Starting in May 2020, with indoor dining banned, then-City Council speaker Corey Johnson and Andrew Rigie, the head of the city's restaurant lobby, wrote an op-ed urging the city to allow restaurants to set up in the streets. After de Blasio heard a Zoom pitch from Rigie, he agreed to rezone the city's streets to allow restaurants to have dining structures directly outside, creating the Open Restaurants Program. Previously, most of New York did not allow outdoor dining, with only 1,224 restaurants having licensed sidewalk cafes, largely in Manhattan. Fees, which typically cost at least $2,579.62 a year for any café taking up 70 square feet or less, were reduced to nothing, and restaurants were allowed to set up on the street for the first time.
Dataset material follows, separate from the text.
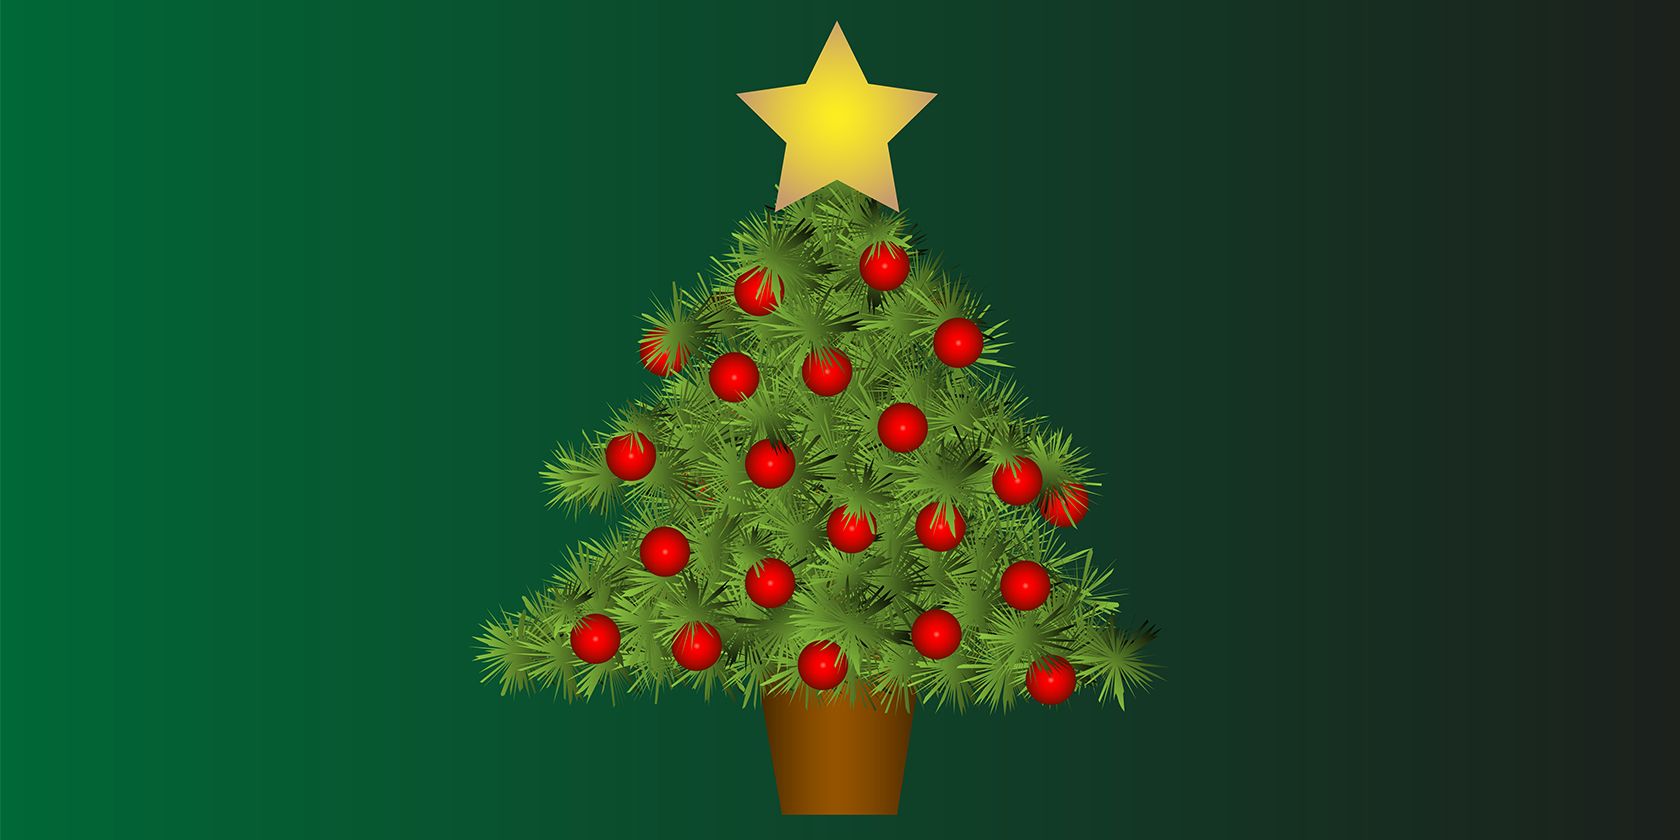 Illustrated Christmas tree on a green gradient background.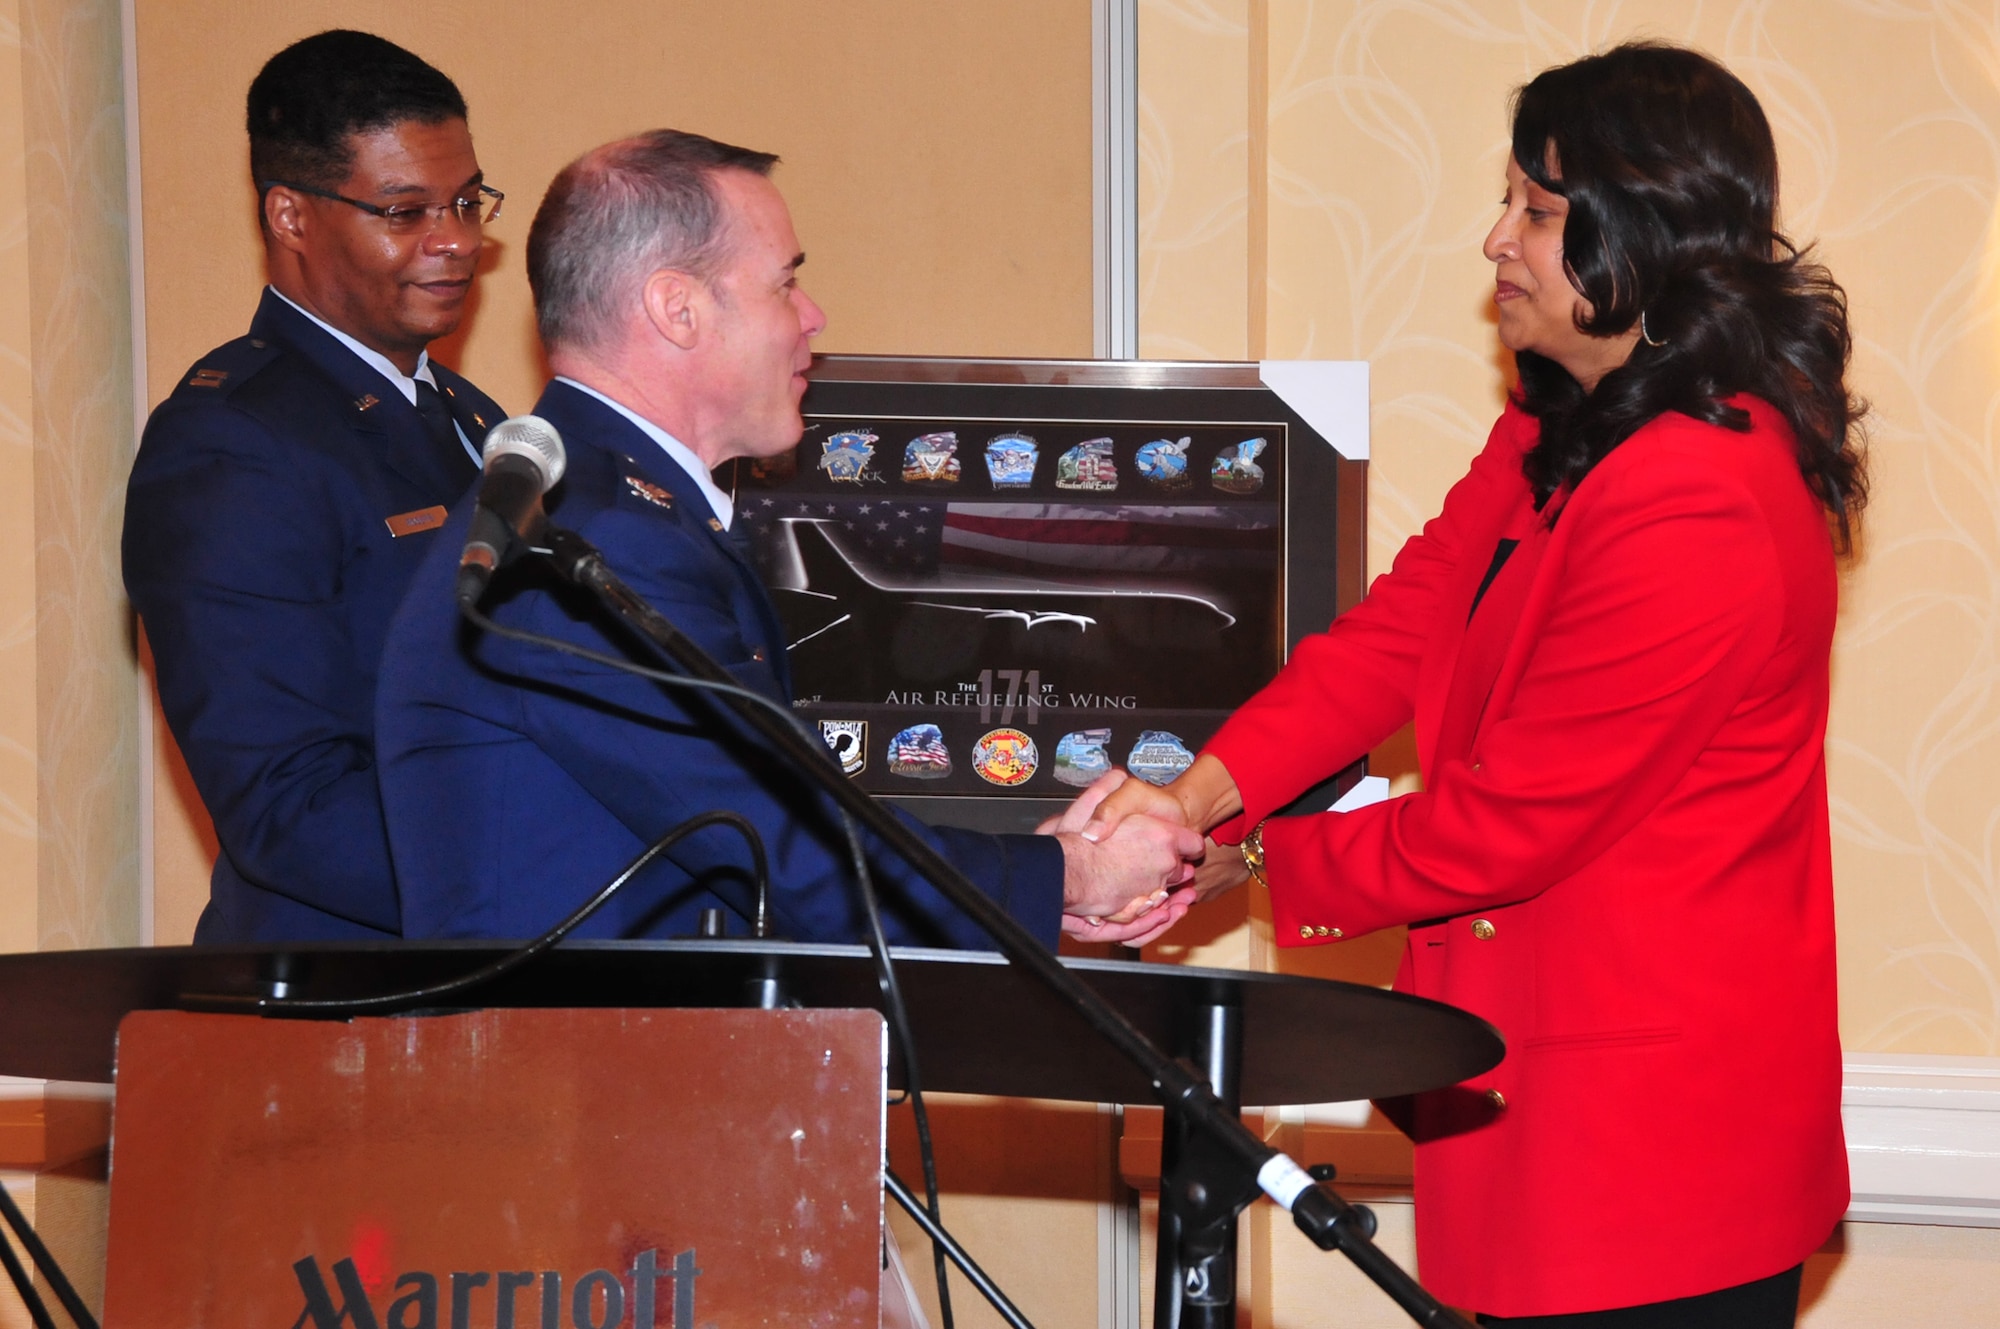 The 171st Air Refueling Wing hosts its 29th annual African-American Heritage Luncheon, February 24, at the Pittsburgh Airport Marriott, featuring the Principal Director of Space Launch Engineering and Acquisition, Space Systems Group at the Aerospace Corporation, Ms. Karolyn Young as their guest speaker. The event allows the unit to showcase its accomplishments while celebrating African-American History Month.  Invited guests, including high school principals, counselors, students and 171st unit members join together to celebrate this year's theme, "Black Women in American History and Culture."  (National Guard photo by Master Sgt. Ann Young) (Released by Capt. Dicie Hritz)

Oversight over the program was assigned to the Department of Transportation, which set up "purposely lax" regulations and a self-certification system in the hopes that it would be as easy as possible for restaurants to use. In the program's first 24 hours, 1,950 restaurants self-certified, with the DOT being intentionally lenient with violations. Despite 93% of dining sheds breaking at least one rule, only 67 ever received fines. However, sheds set up in bus lanes, bike lanes, no-standing zones, or ones that took up more than the width of the restaurant's frontage were still torn down.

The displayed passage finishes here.